_Available records:_
● ● ● ● ●
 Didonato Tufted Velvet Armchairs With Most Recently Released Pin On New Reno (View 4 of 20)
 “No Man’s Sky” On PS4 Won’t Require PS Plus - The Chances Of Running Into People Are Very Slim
● ● ● ● ●
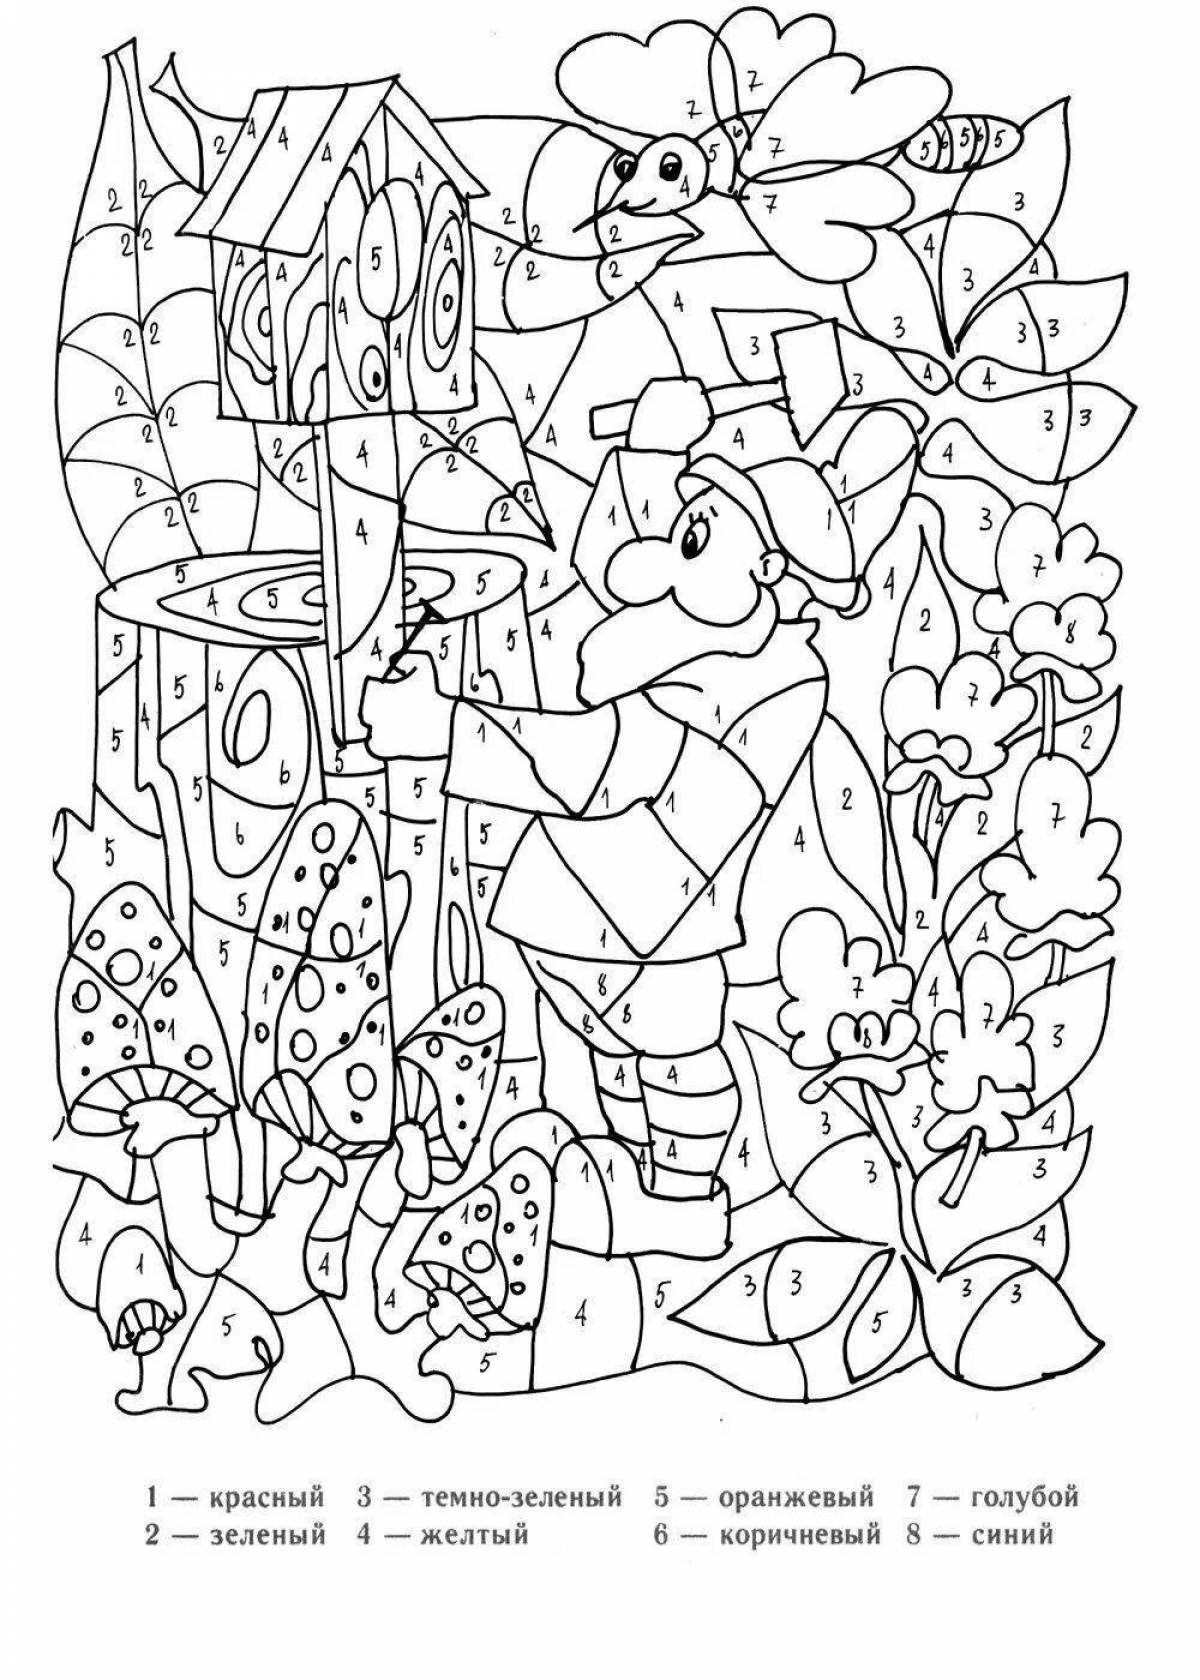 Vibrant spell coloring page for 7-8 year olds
● ● ● ● ●
_What the exercise asks:_
Give the exact lines, and only those, from the line containing "Didonato Tufted Velvet" through the line containing "Are Very Slim" in the entries above.

_Exercise response:_
 Didonato Tufted Velvet Armchairs With Most Recently Released Pin On New Reno (View 4 of 20)
 “No Man’s Sky” On PS4 Won’t Require PS Plus - The Chances Of Running Into People Are Very Slim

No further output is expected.